### Assigned task
Take the line containing "35 2/5 × 35" through the last line of the data and retype those lines exactly. Pictures do not belong in the copy.

·····

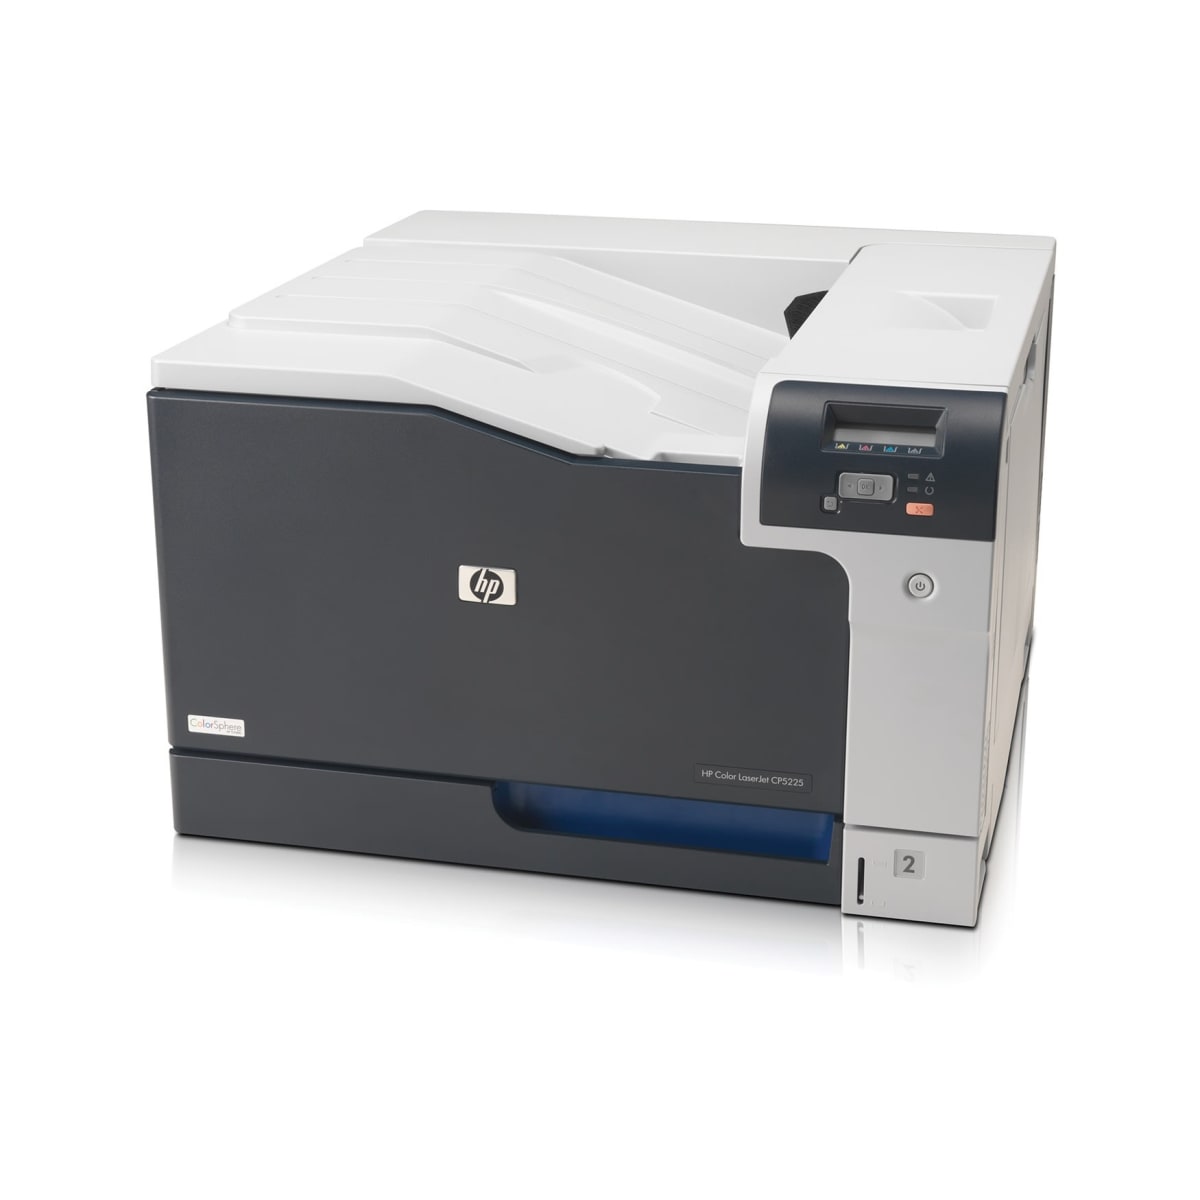 HP Color LaserJet Pro CP5225 A3 värilasertulostin | Karkkainen.com  verkkokauppa
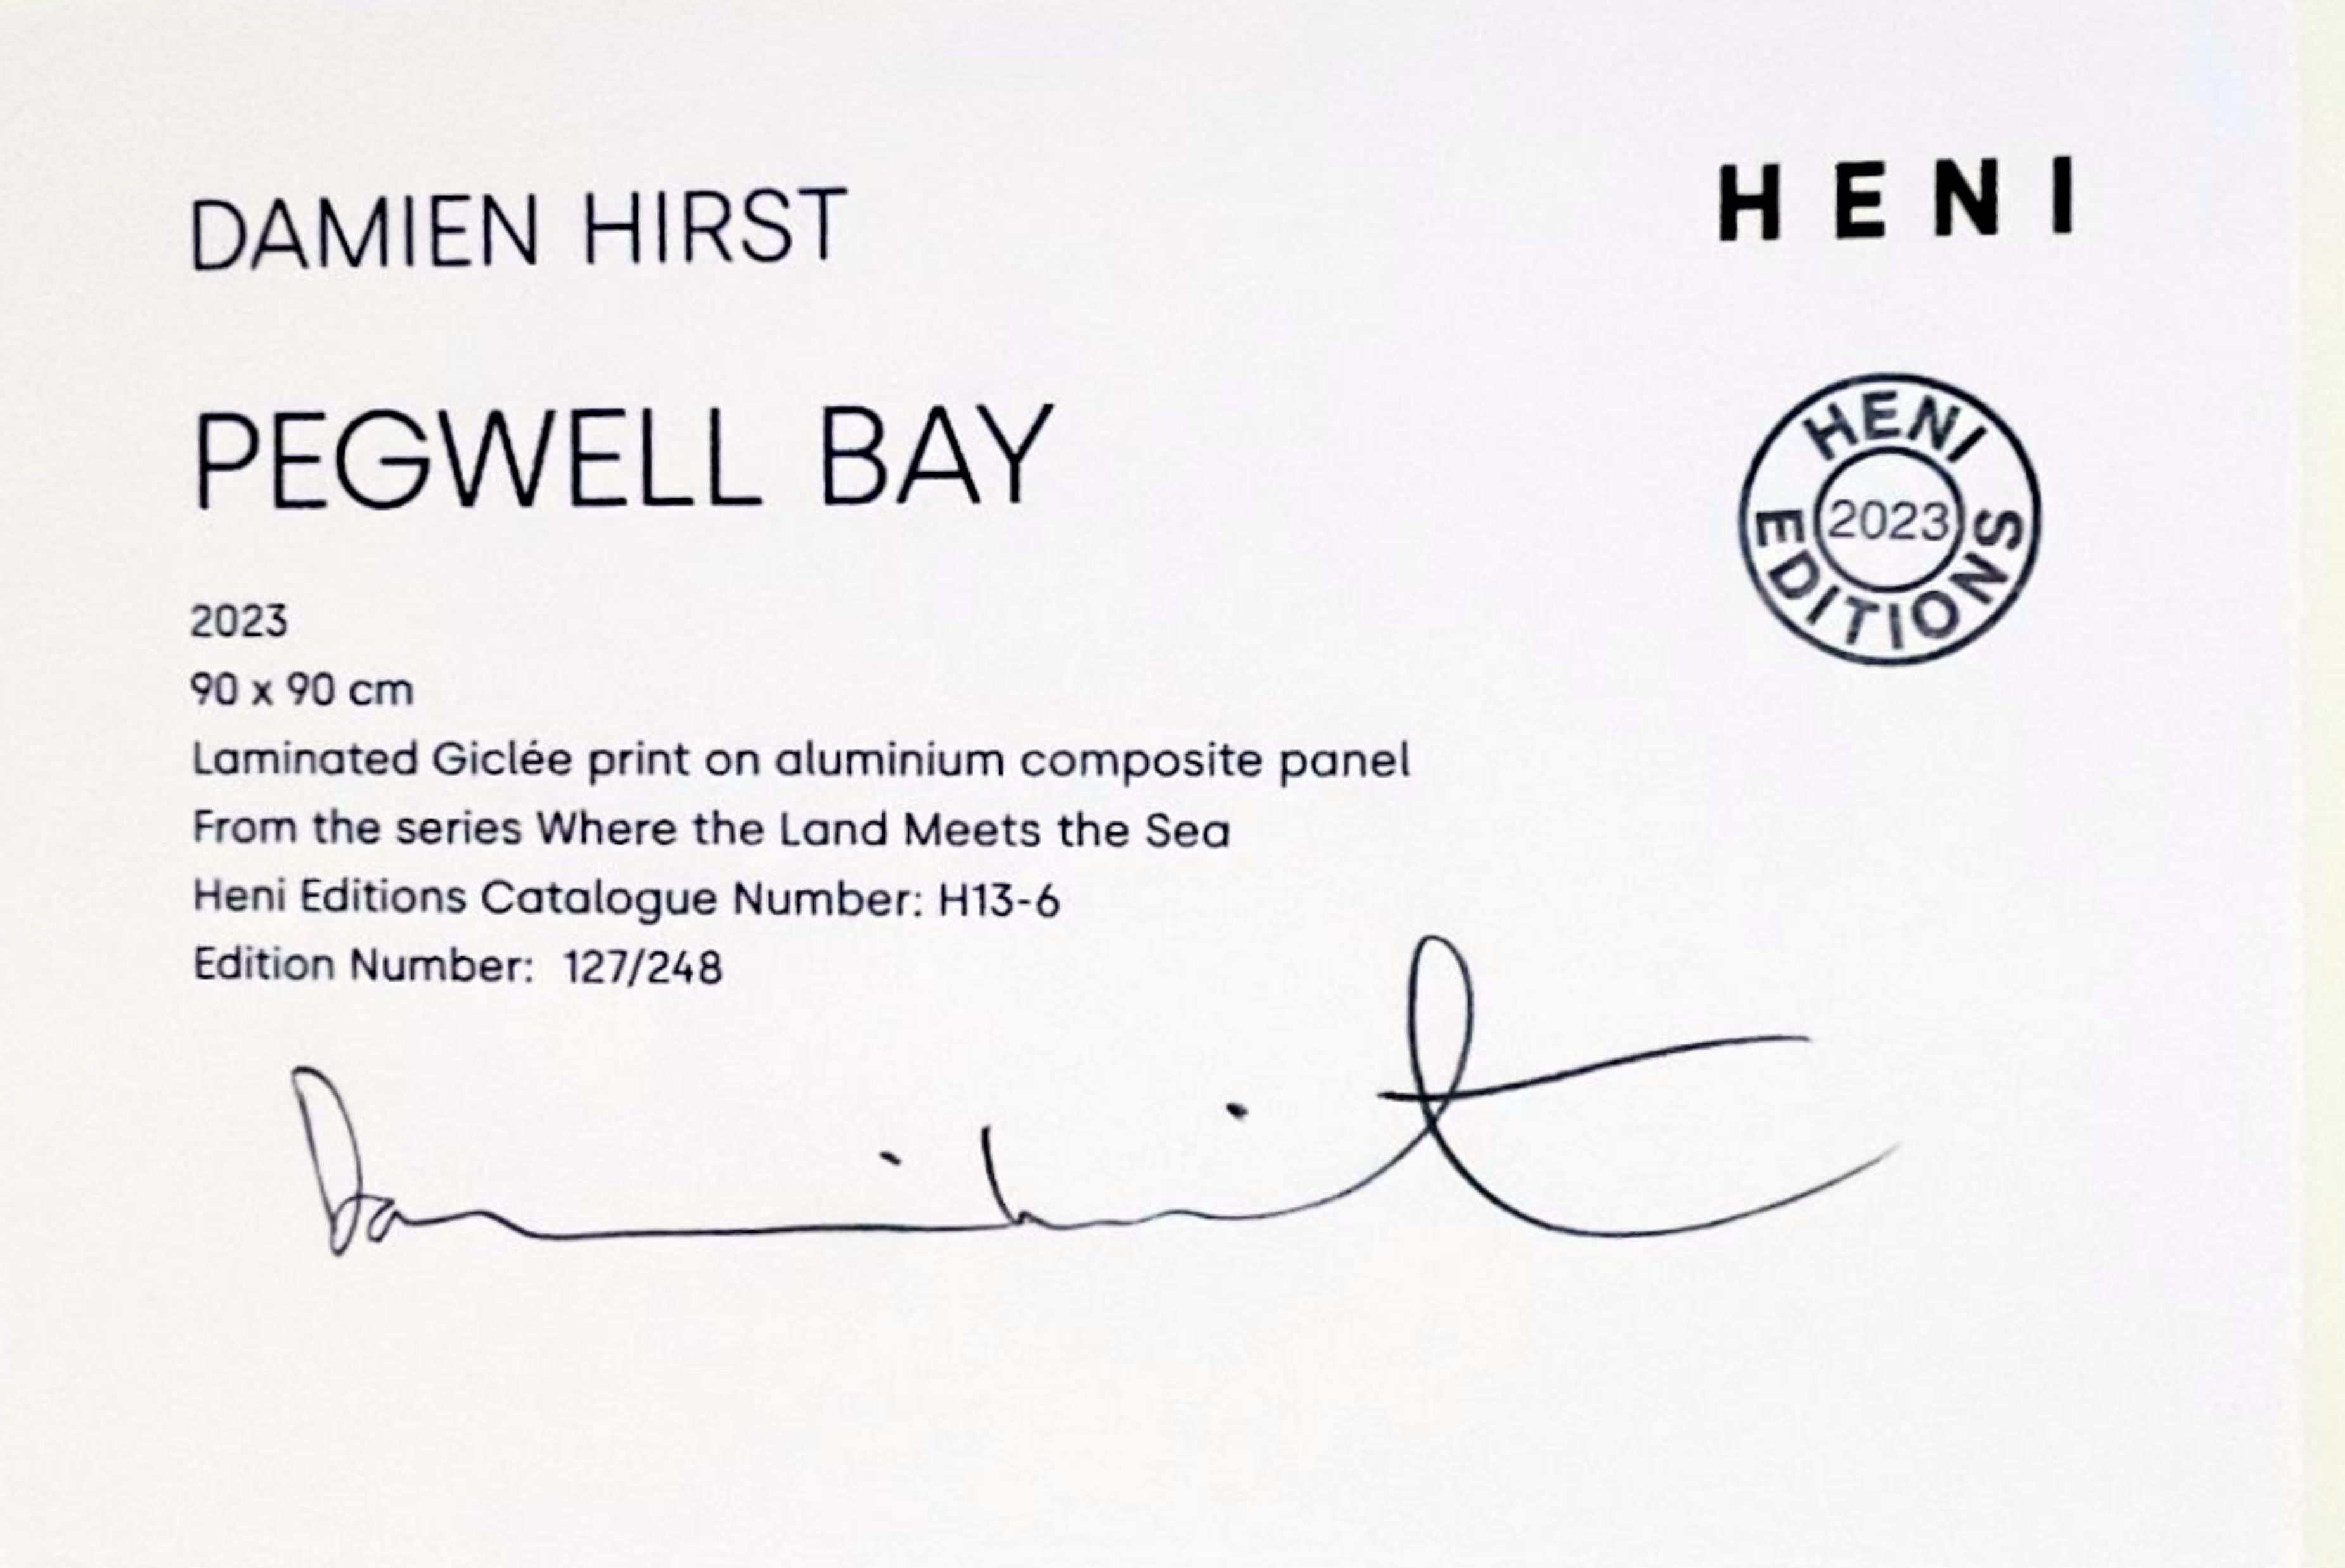 Damien Hirst
Pegwell Bay, H13-6, aus Wo das Land das Meer trifft, 2023
Laminierter Giclée-Druck auf Aluminiumverbundplatte
35 2/5 × 35 2/5 in  89.9 × 89.9 cm
Handsigniert auf dem Label und nummeriert 127/248. Dieses Kunstwerk kann beliebig
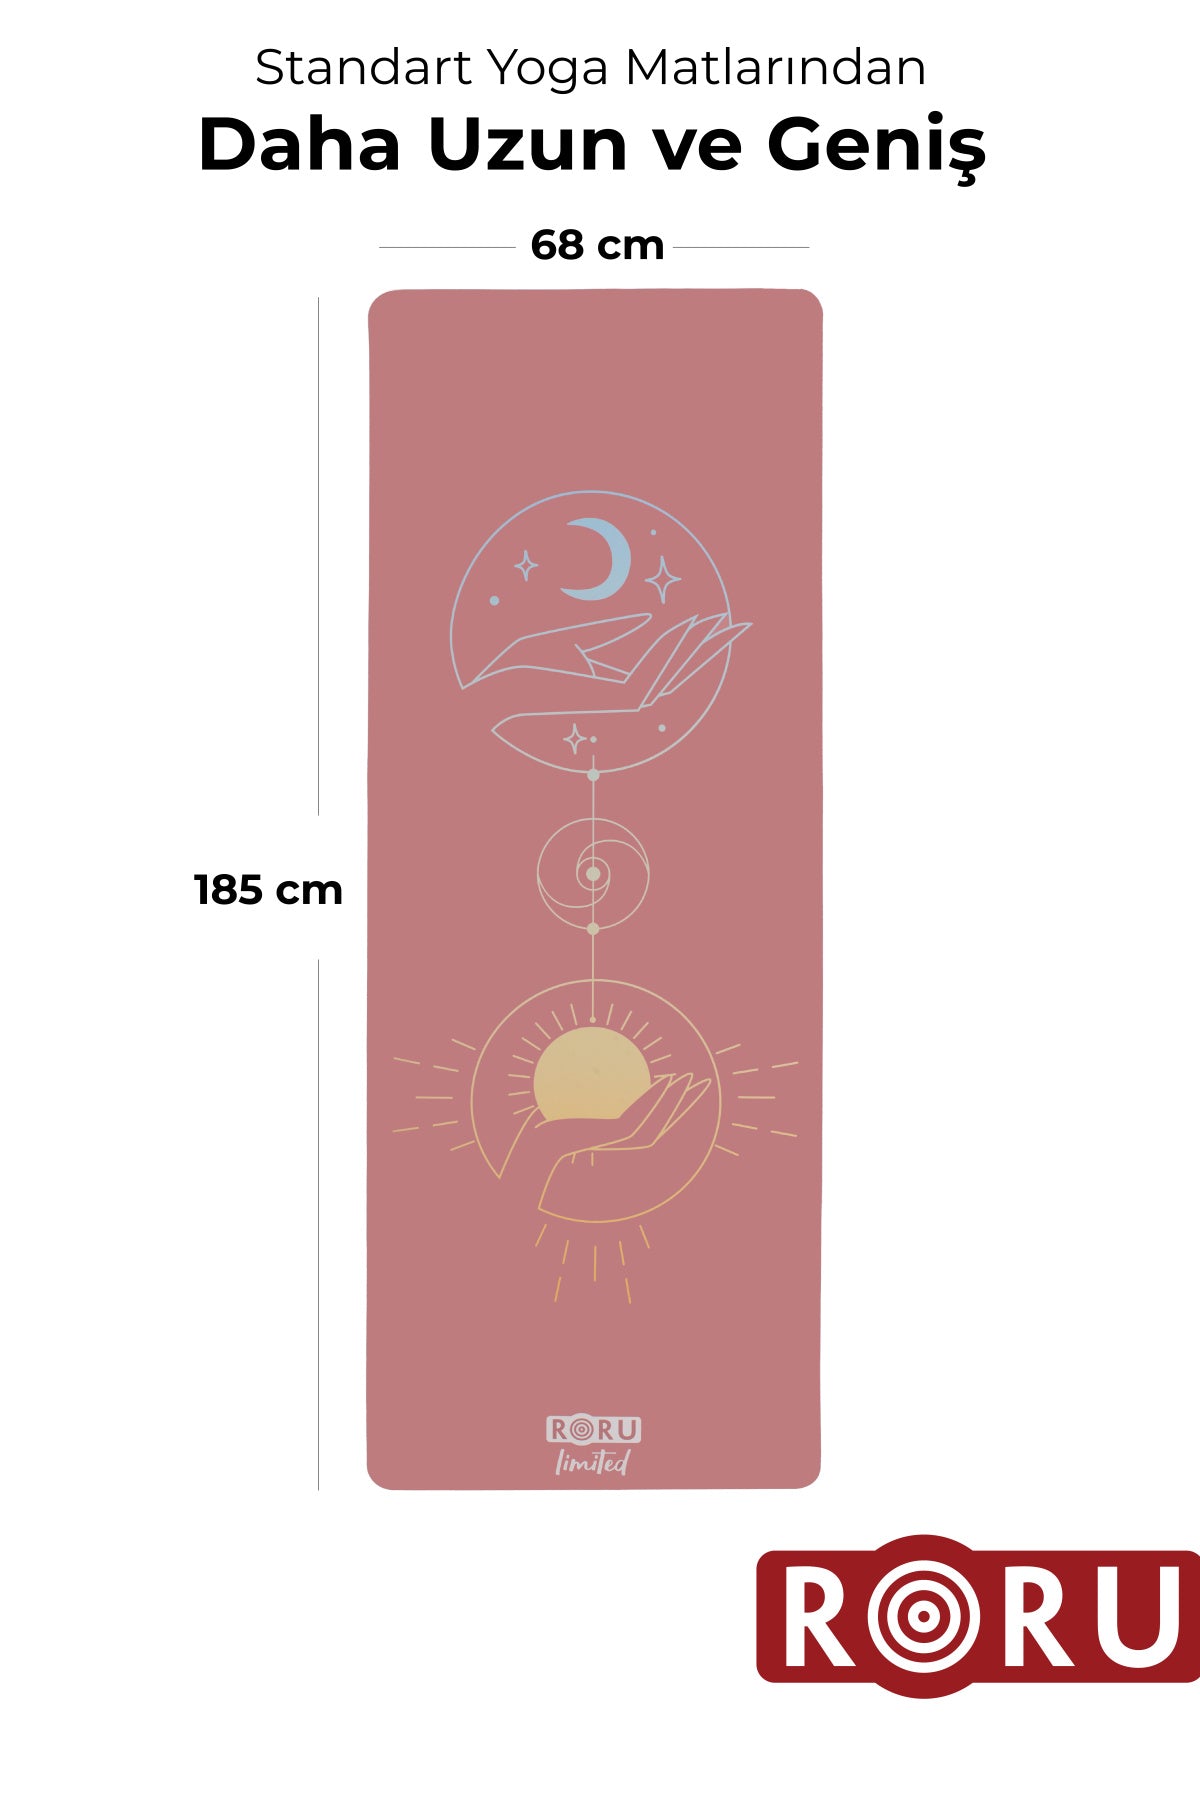 Roru Concept Sun Kaydırmaz Yoga Egzersiz Matı 185 x 68 cm 4 mm Kuru - Nemli Ellere, Doğal Kauçuk
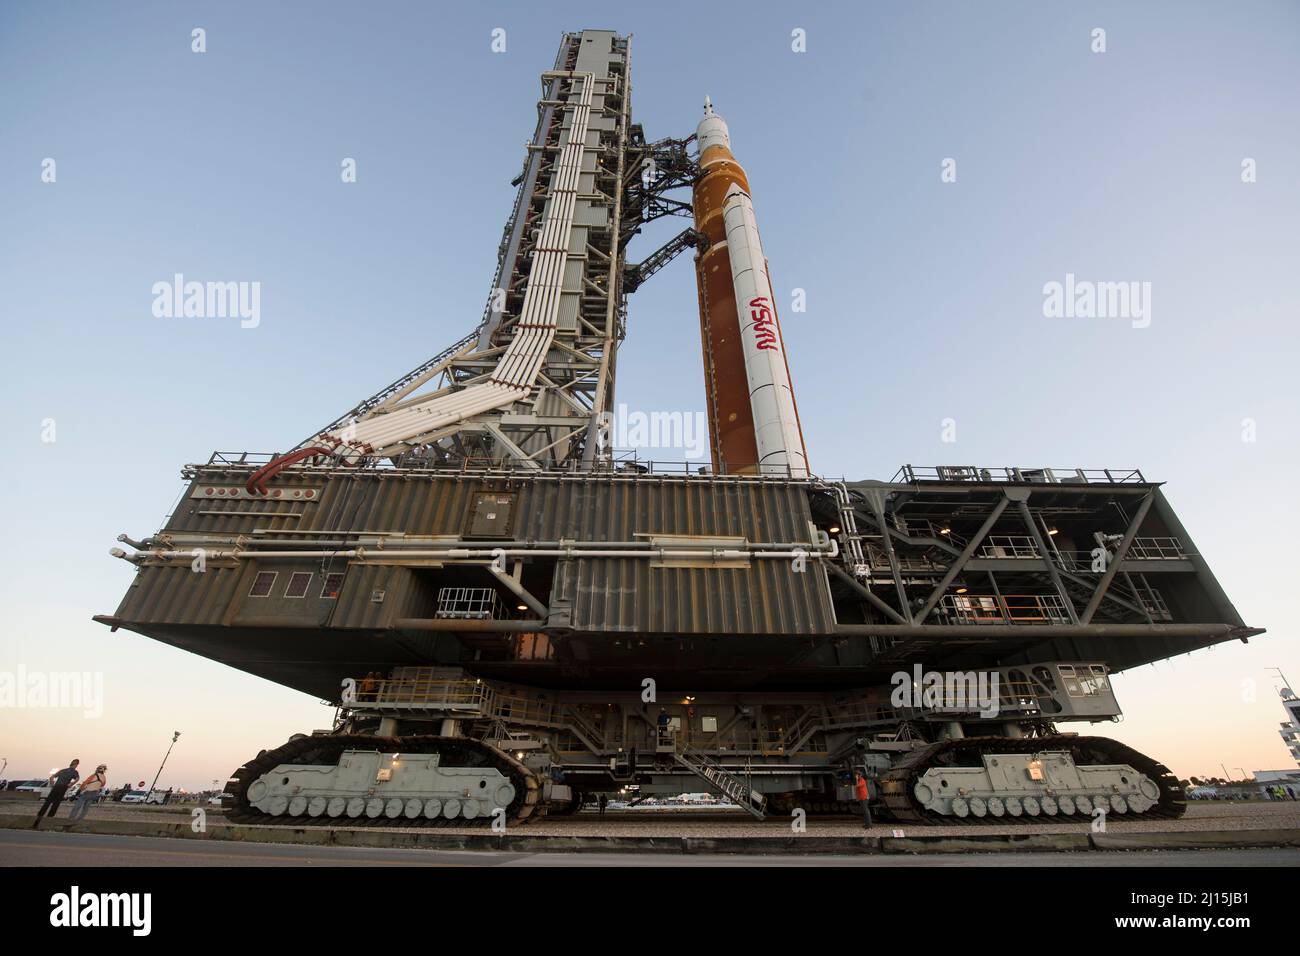 El cohete del Sistema de Lanzamiento Espacial (SLS) de la NASA con la nave espacial Orion a bordo se ve en la cima de un lanzador móvil mientras se lanza al Complejo de Lanzamiento 39B por primera vez, el jueves 17 de marzo de 2022, en el Centro Espacial Kennedy de la NASA en Florida. Antes de la prueba de vuelo Artemis I de la NASA, el cohete SLS y la nave espacial Orion totalmente apilados e integrados se someterán a un ensayo de vestido húmedo en el Complejo de Lanzamiento 39B para verificar los sistemas y practicar los procedimientos de cuenta atrás para el primer lanzamiento. Crédito de la foto: (NASA/Aubrey Gemignani) Foto de stock

·····

### Response to this task
35 2/5 × 35 2/5 in  89.9 × 89.9 cm
Handsigniert auf dem Label und nummeriert 127/248. Dieses Kunstwerk kann beliebig
 Roru Concept Sun Kaydırmaz Yoga Egzersiz Matı 185 x 68 cm 4 mm Kuru - Nemli Ellere, Doğal Kauçuk
 El cohete del Sistema de Lanzamiento Espacial (SLS) de la NASA con la nave espacial Orion a bordo se ve en la cima de un lanzador móvil mientras se lanza al Complejo de Lanzamiento 39B por primera vez, el jueves 17 de marzo de 2022, en el Centro Espacial Kennedy de la NASA en Florida. Antes de la prueba de vuelo Artemis I de la NASA, el cohete SLS y la nave espacial Orion totalmente apilados e integrados se someterán a un ensayo de vestido húmedo en el Complejo de Lanzamiento 39B para verificar los sistemas y practicar los procedimientos de cuenta atrás para el primer lanzamiento. Crédito de la foto: (NASA/Aubrey Gemignani) Foto de stock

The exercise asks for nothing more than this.